- [ASSIGNMENT]: Produce as output only the lines below starting at the line with "United Nations Secretary" and continuing through the line with "The colorful on-site", each one exactly as written.

- [RECORDS FOR THIS EXERCISE]:

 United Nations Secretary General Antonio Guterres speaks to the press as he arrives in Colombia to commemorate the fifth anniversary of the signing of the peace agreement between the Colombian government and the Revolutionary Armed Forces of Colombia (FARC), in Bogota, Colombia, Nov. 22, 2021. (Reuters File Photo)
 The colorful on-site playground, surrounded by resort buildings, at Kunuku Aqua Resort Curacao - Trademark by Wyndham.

...

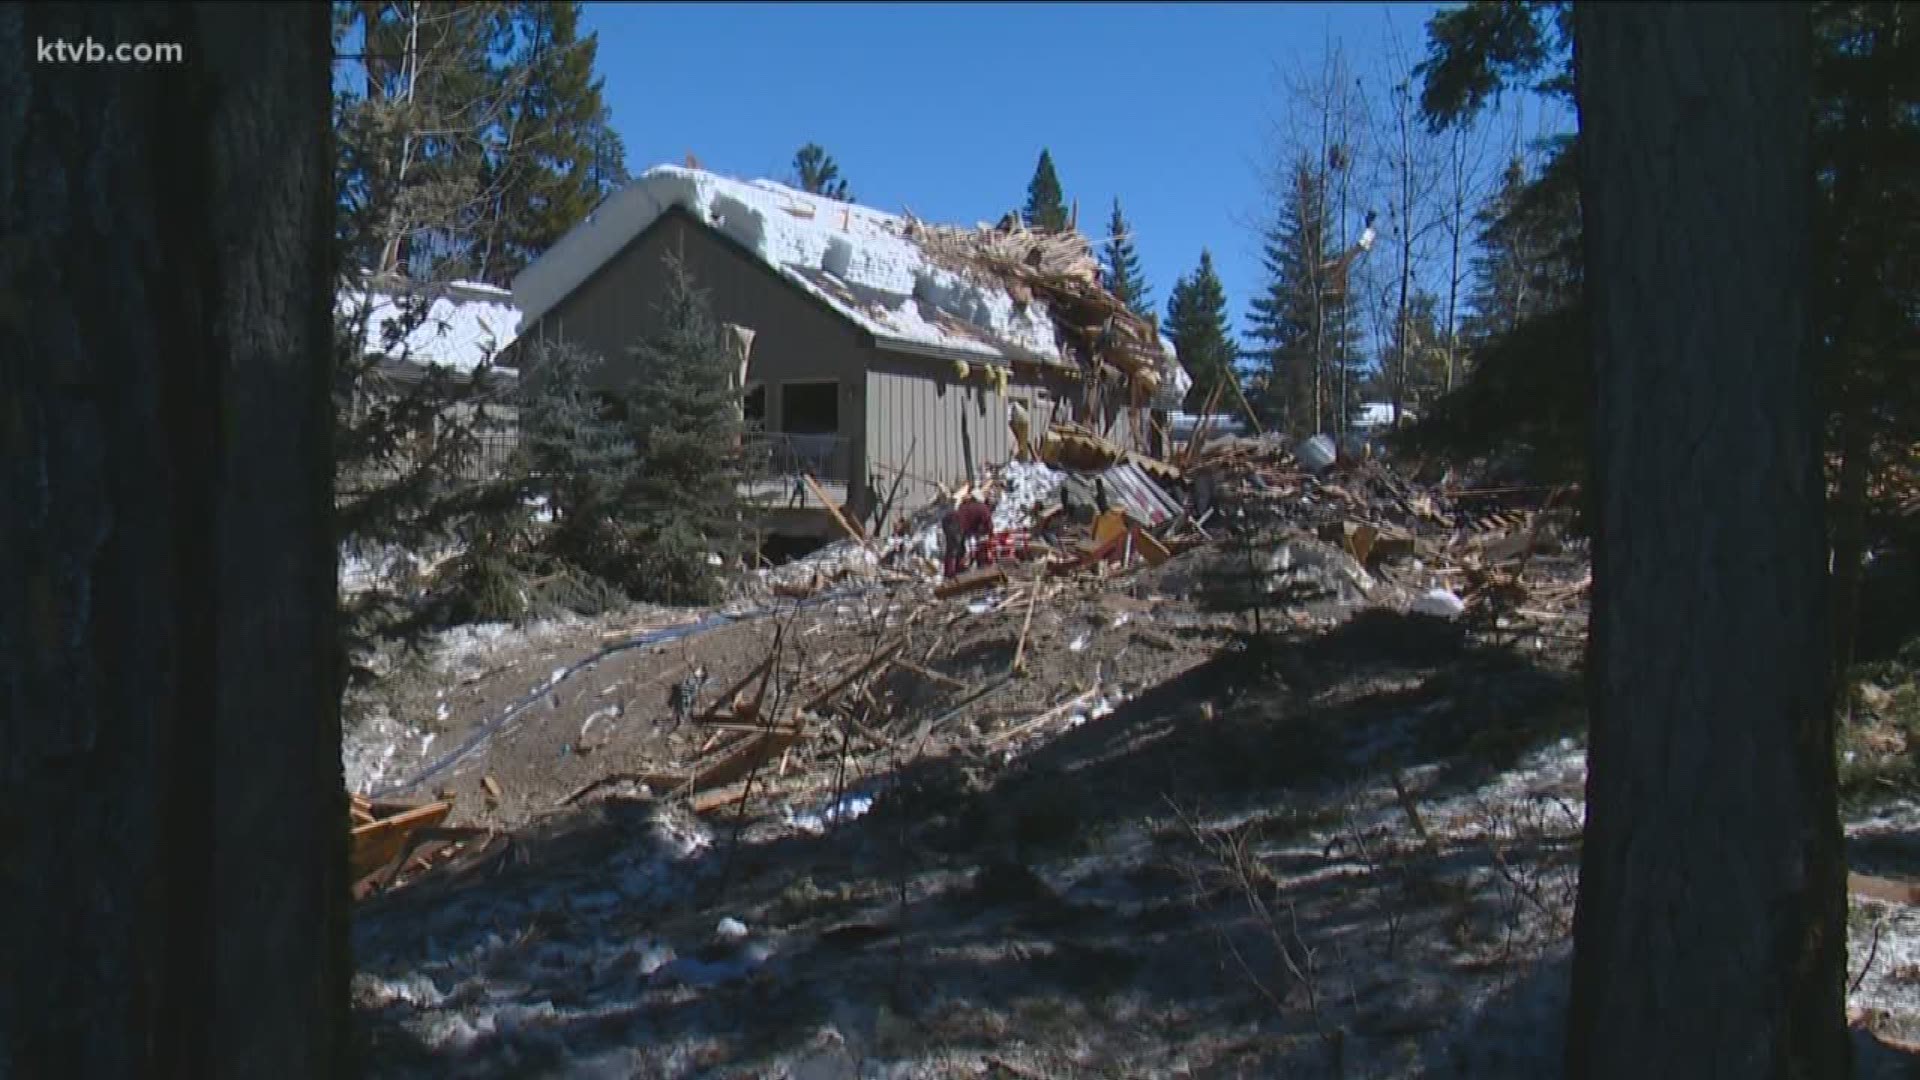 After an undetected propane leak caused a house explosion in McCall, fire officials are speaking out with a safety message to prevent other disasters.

==

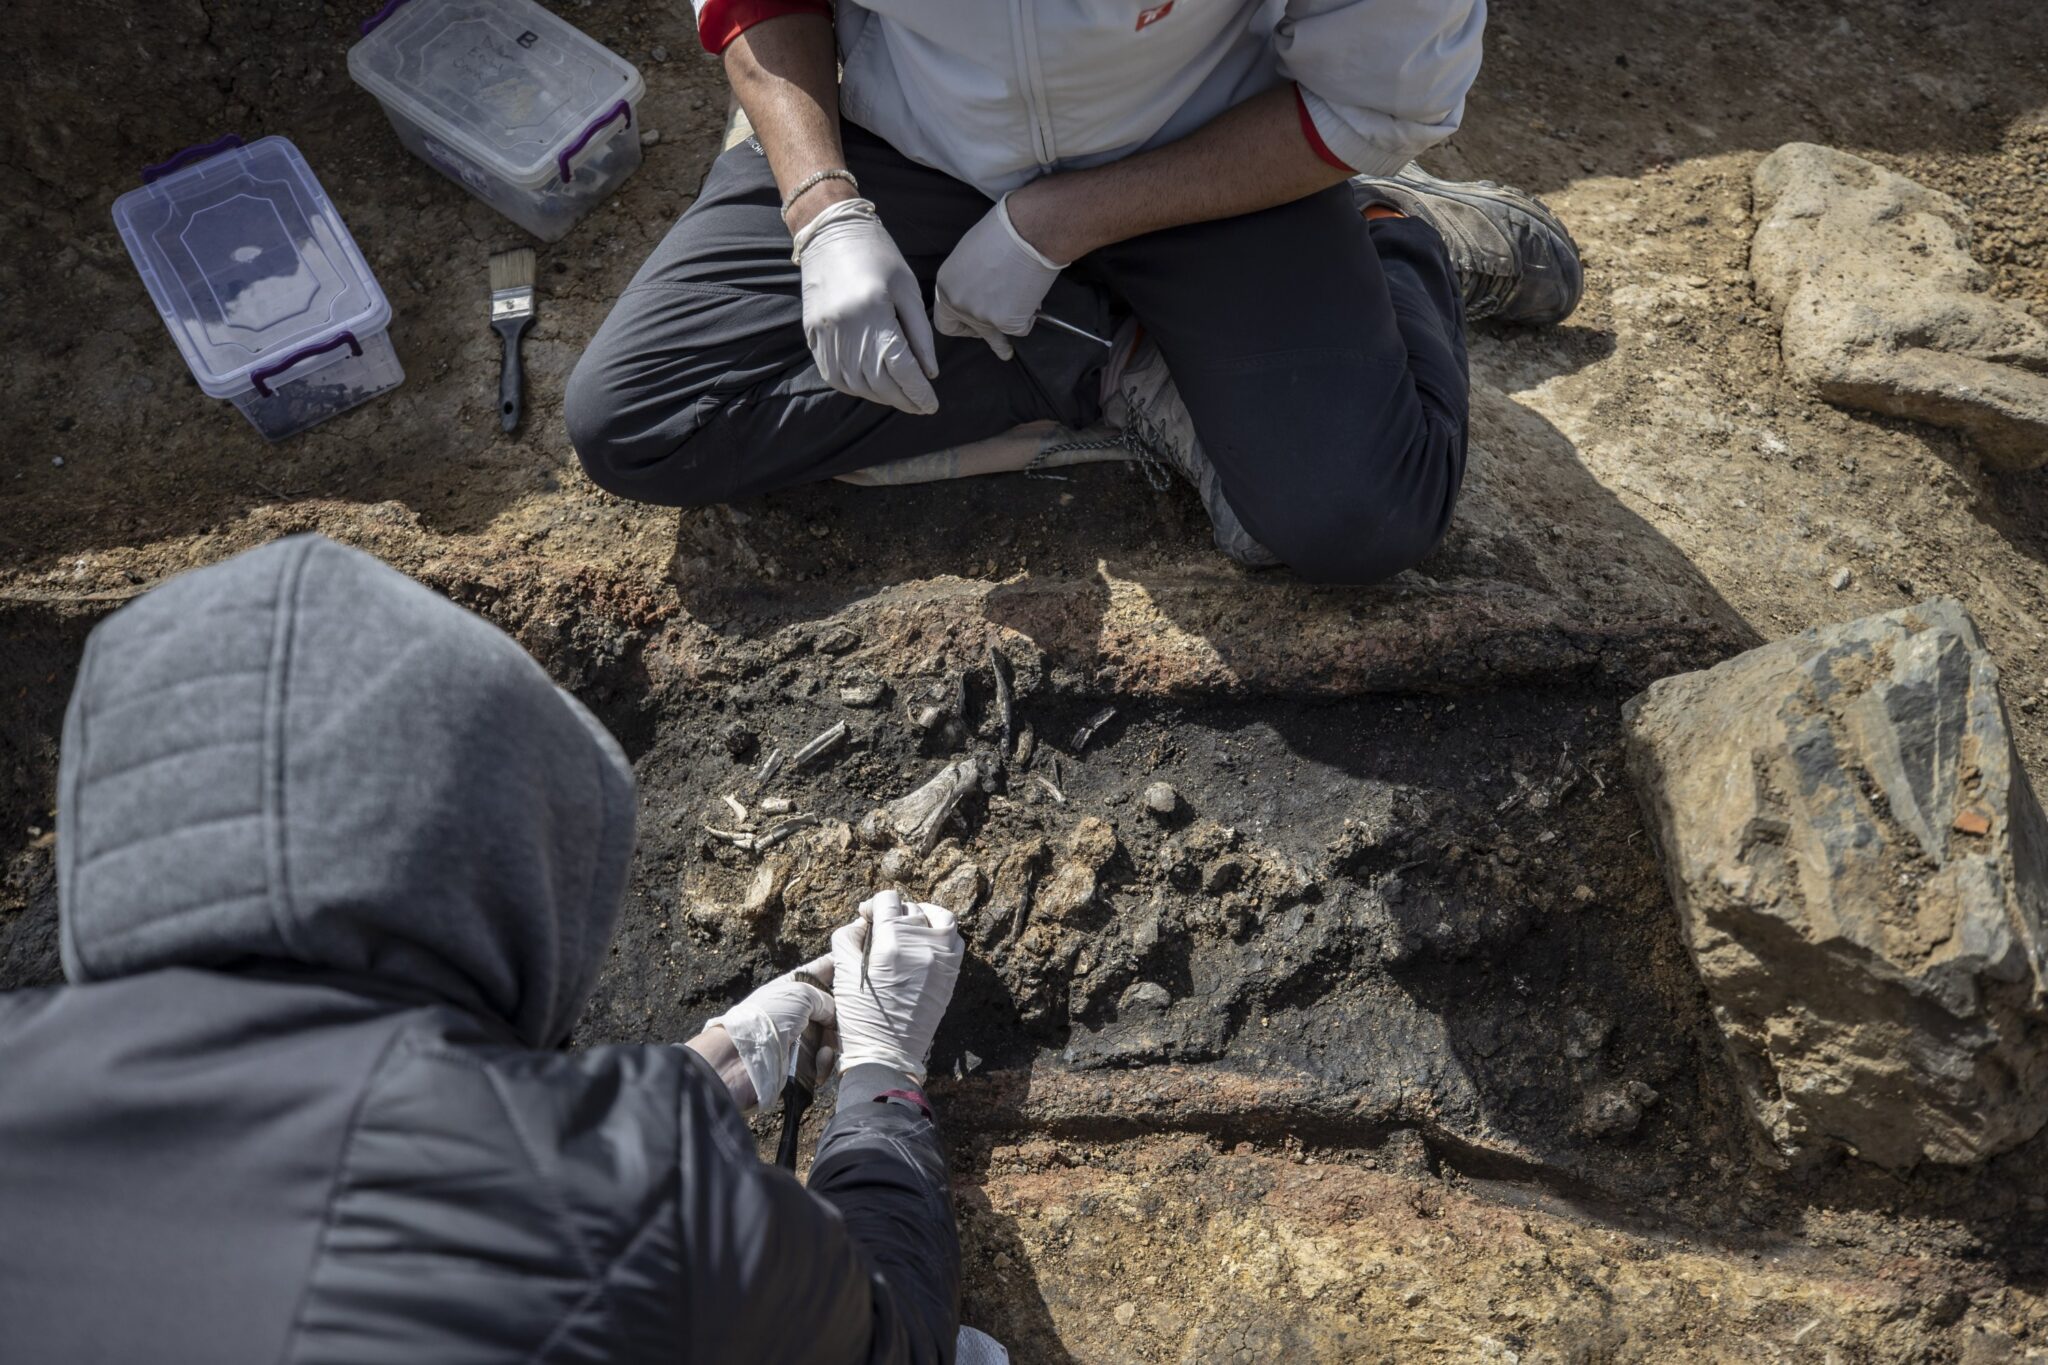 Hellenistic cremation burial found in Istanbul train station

- [TASK RESULT]:
 United Nations Secretary General Antonio Guterres speaks to the press as he arrives in Colombia to commemorate the fifth anniversary of the signing of the peace agreement between the Colombian government and the Revolutionary Armed Forces of Colombia (FARC), in Bogota, Colombia, Nov. 22, 2021. (Reuters File Photo)
 The colorful on-site playground, surrounded by resort buildings, at Kunuku Aqua Resort Curacao - Trademark by Wyndham.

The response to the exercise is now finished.